Now the car is accelerating isn't it? So it's applying a force to the car, the F = m*a kind of thing.

But it also does it over a distance covered in 3 sec.

So if there was only a way to figure the distance covered in 3 sec that might prove useful?

#### yb1013

i might be totally going the wrong route here but to get the distance part, can you just like take two anti-derivatives to bring it back to position which would give you distance??

also for the F=ma, how do you know what the acceleration is? can you just plug 0 and 3 into the equation and take the average of that?

#### LowlyPion

Homework Helper
i might be totally going the wrong route here but to get the distance part, can you just like take two anti-derivatives to bring it back to position which would give you distance??

also for the F=ma, how do you know what the acceleration is? can you just plug 0 and 3 into the equation and take the average of that?
You're given the acceleration, so yes it looks like you can just integrate twice to determine x position distance at 3. You know initial condition is at rest.
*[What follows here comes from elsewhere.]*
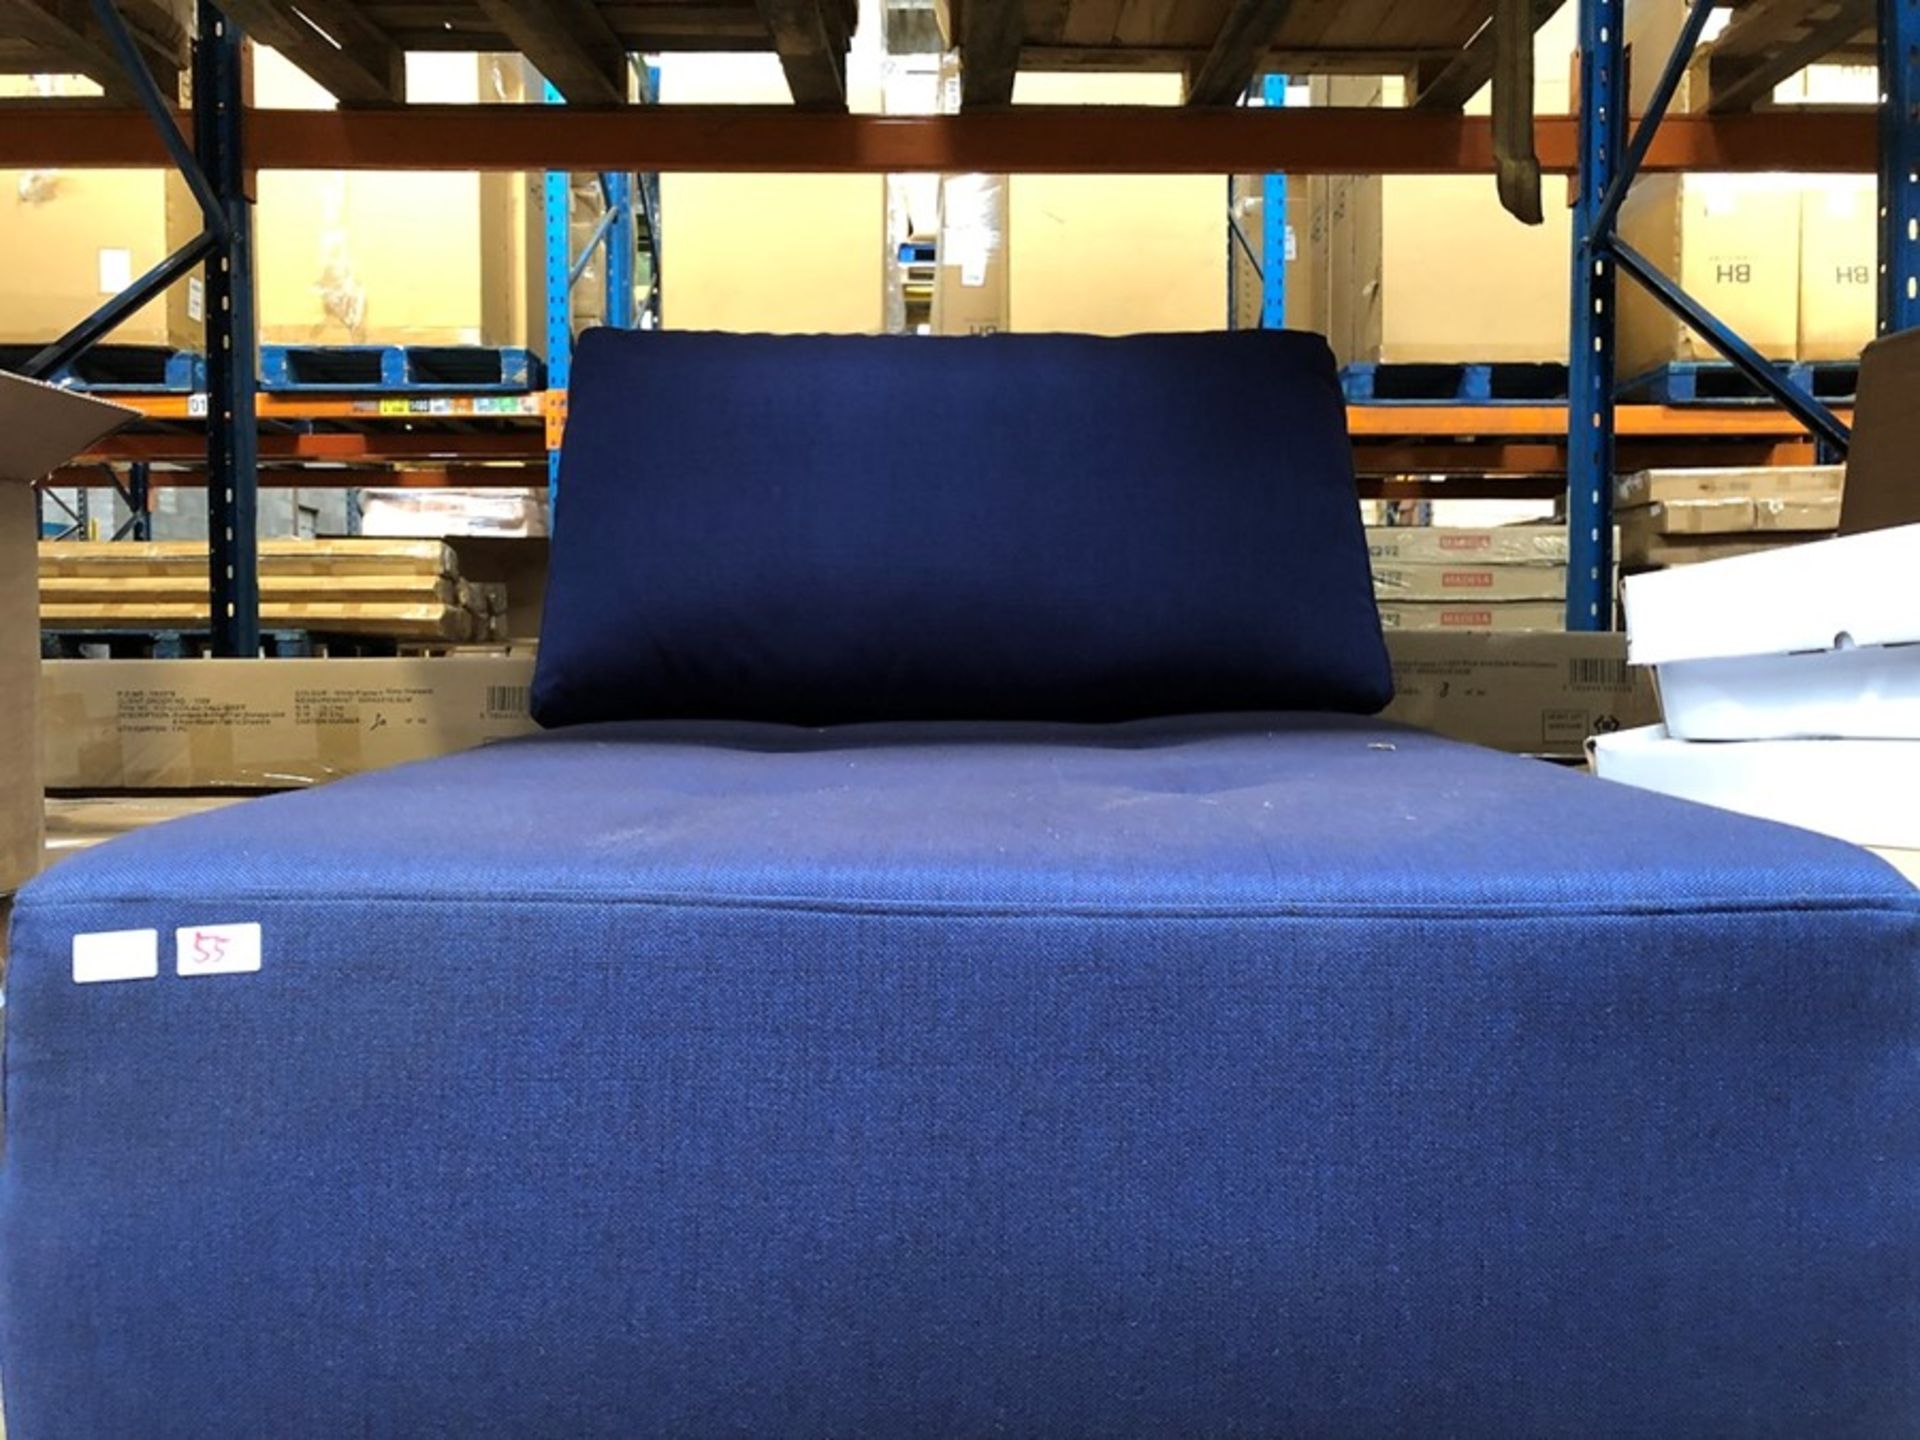 1 SINGLE SOFA IN NAVY BLUE (PUBLIC VIEWING AVAILABLE)

Edit: Forgot you were trying to get to Work, so you can integrate once then for the Velocity function. Your work then should be equal to the kinetic energy at t=3 right?

#### yb1013

hmm, i did all that but it didnt come out right..

#### LowlyPion

Homework Helper
Forgot you were trying to get to Work, so you can integrate once then for the Velocity function. Your work then should be equal to the kinetic energy at t=3 right?

#### yb1013

hmm maybe, alright well thanks for you help!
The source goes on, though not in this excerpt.